The 700 Club with Pat Robertson


The Victorian Christmas Maestro

By Shannon Woodland
The 700 Club

CBN.comBeckon back to the days of old. Silent films are still a would-be movie director's fantasy. Radio, well, that is yet to be invented. And let's not even mention television. It's hard to believe that only a hundred years ago people had to entertain themselves.

JOHN DOAN: A lot of times people would have zithers or guitars or banjos.

SHANNON WOODLAND: What's a zither?

JOHN DOAN: The most famous of the zithers is the autoharp, an American invention, and this one is from 1882.

SHANNON WOODLAND (reporting): John Doan is more than a musician. He's an entertainer, a historian, and a storyteller.
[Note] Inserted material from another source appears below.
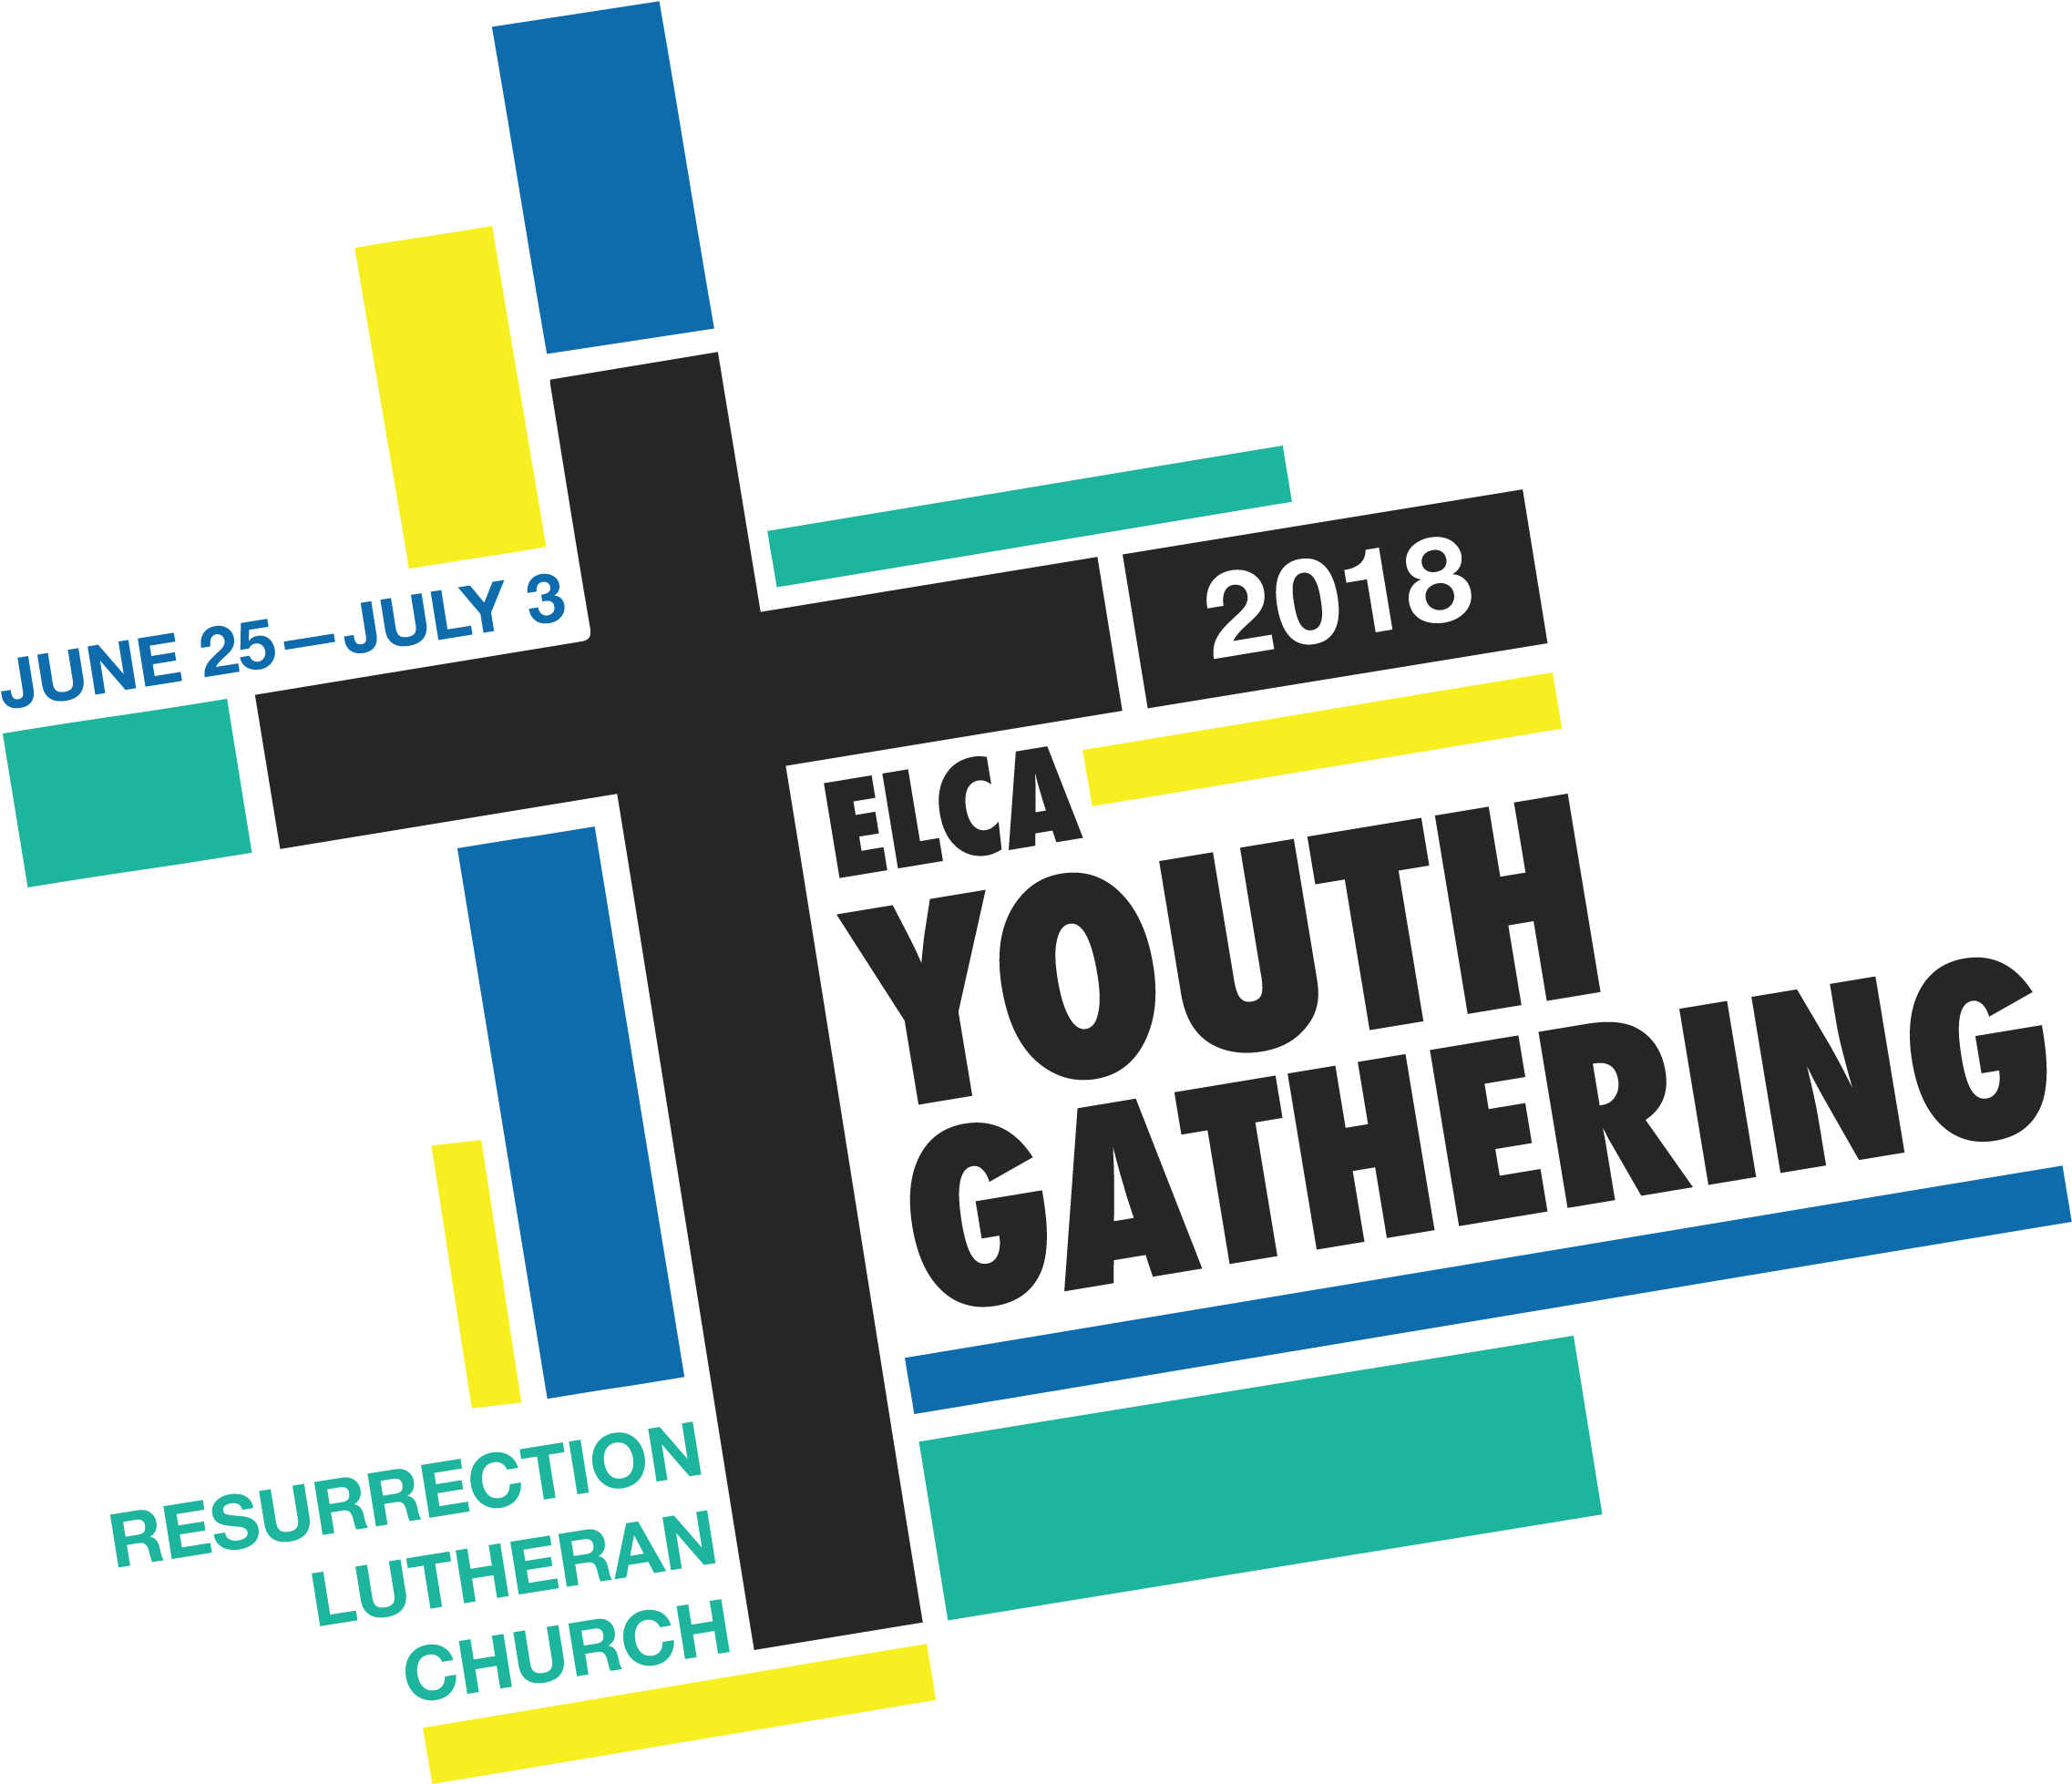 Youth Gathering - Elca Youth Gathering (2550x2110)

JOHN DOAN: I've found so many interesting artifacts from this time that have a certain charm to them, and they all sort of tell a story about who we were.

(John plays "Hark the Herald Angels Sing" on the crankorgan.) This was one subtle way that it started to creep in, mechanical entertainment.

SHANNON WOODLAND: Except for the person who cranked because they were getting the aerobic workout!

SHANNON WOODLAND (reporting): John Doan is one of those accomplished musicians who makes music look so simple that even I wanted to learn. That's why he does what he does.

JOHN DOAN: This was the age of invention, and so there were all sorts of things created.

SHANNON WOODLAND: How many instruments do you play?

JOHN DOAN: Oh, these were something where anyone in the household could play.

SHANNON WOODLAND: I don't know about me, but you made it look easy.

JOHN DOAN: I'll play the very first American carol that gained widespread acceptance, "It Came upon a Midnight Clear".

SHANNON WOODLAND (reporting): John has never been one to keep all these instruments to himself. About 16 years ago, he began touring his Victorian Christmas program around the country, and it even aired on PBS in Portland, Oregon. John's album, Wrapped in White: Visions of Christmas Past is sure to strike a chord with many people's memories.

SHANNON WOODLAND: (after John plays "Go Tell It On The Mountain" on the banjo) What is it about music?

JOHN DOAN: It's something beyond words. It's nonverbal. It parodies our emotions. In that piece, 'Go tell it on the Mountain,' is jubilation, it's celebration. Go tell it on the mountain that Jesus Christ is born!

So many people have instruments in their attic from grandma, and that's a part of their heritage. They should pull them out and even try to play something on them.